The story's simple: Irving sets himself in the English countryside, where he's travelling one Christmas Eve. At a country inn he runs into an old schoolmate, who invites him home to spend Christmas at the family estate. The friend's father, it turns out, dotes on all things Christmas, and has tuned his household to some of the more quaint and obscure English traditions celebrating the day. That lets Irving include lots of odd little bits and pieces of Christmas tradition, told through the old man, as part of his plot. The book covers a night and a day. The chapters are pieces of that time: the stagecoach ride is one chapter, then "Christmas Eve," and so on through "Christmas Dinner."
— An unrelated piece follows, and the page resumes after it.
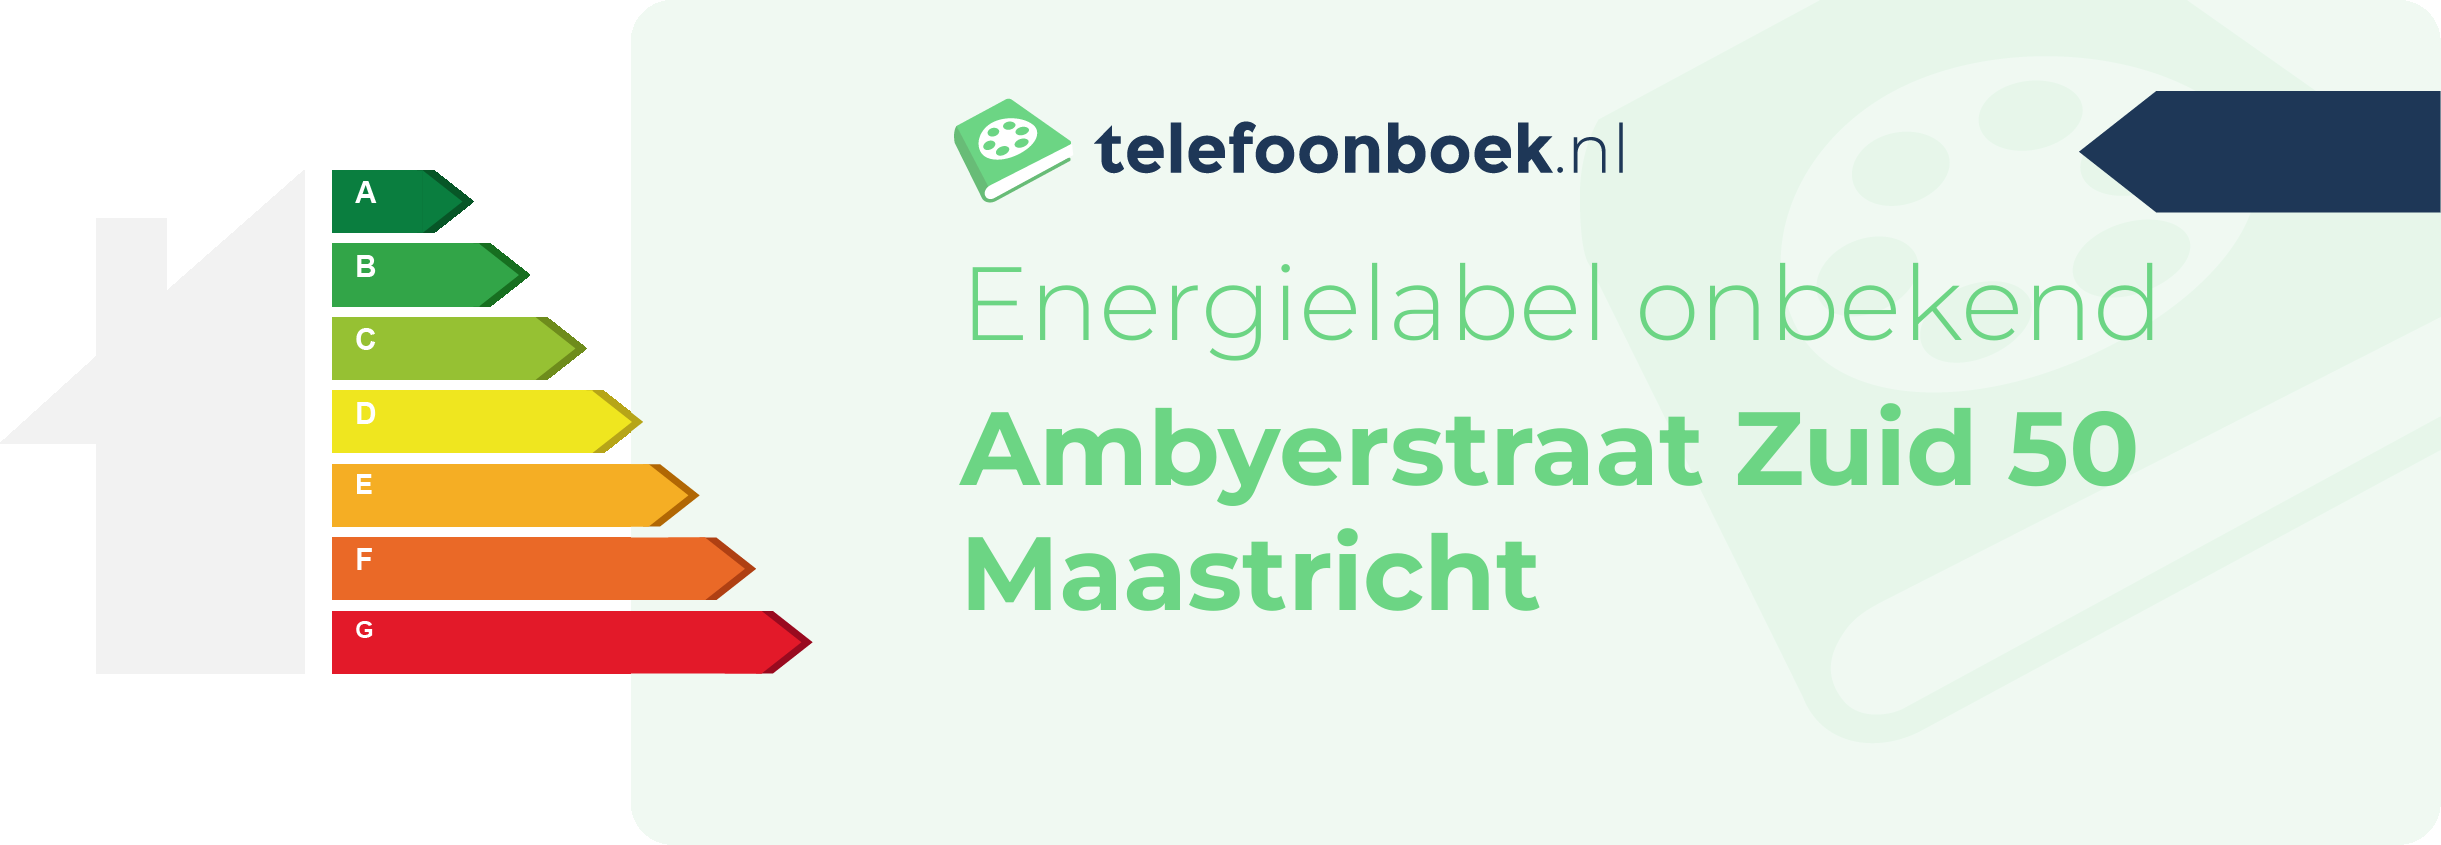 Energielabel Ambyerstraat Zuid 50 Maastricht

I read this every year lately, and it's a nice, low-key, sad and happy little way to mark the Christmases passing. Washington Irving wrote it in the early 1800s -- the dates of most of his "Sketch Book" are right around 1819 or 1820 -- and the story is mostly a reminiscence about even earlier Christmas traditions. Then it took until 1894 for this edition to be printed, with the illustrations by Caldecott. Later the facsimile edition I have was printed, in maybe the early 1980s... For a little book about Christmas past to have made it through all those years, and come down to me in this personal "sketch," is a glad thing. Coming back to the same copy year after year makes a nice little private tradition.
The text to this is available in a few places on the Web. That's an okay way to get to know the language, but a facsimile of the original book, with the illustrations, is still worth the few dollars it'll cost. The Caldecott who illustrated this is the one for whom the children's book award was named, among other things. You need to read this one next to the Christmas tree, not by the glow of a computer monitor.
Quiet, pleasant reading of an Old English Christmas
Very enjoyable reading for those who like to pull up a chair, have a cup of tea, and escape to a simpler, more elegant time. Those who enjoy Christmas stories, or Anglophiles who can never get enough of English history will enjoy this insight into an Old English Christmas from one who was there.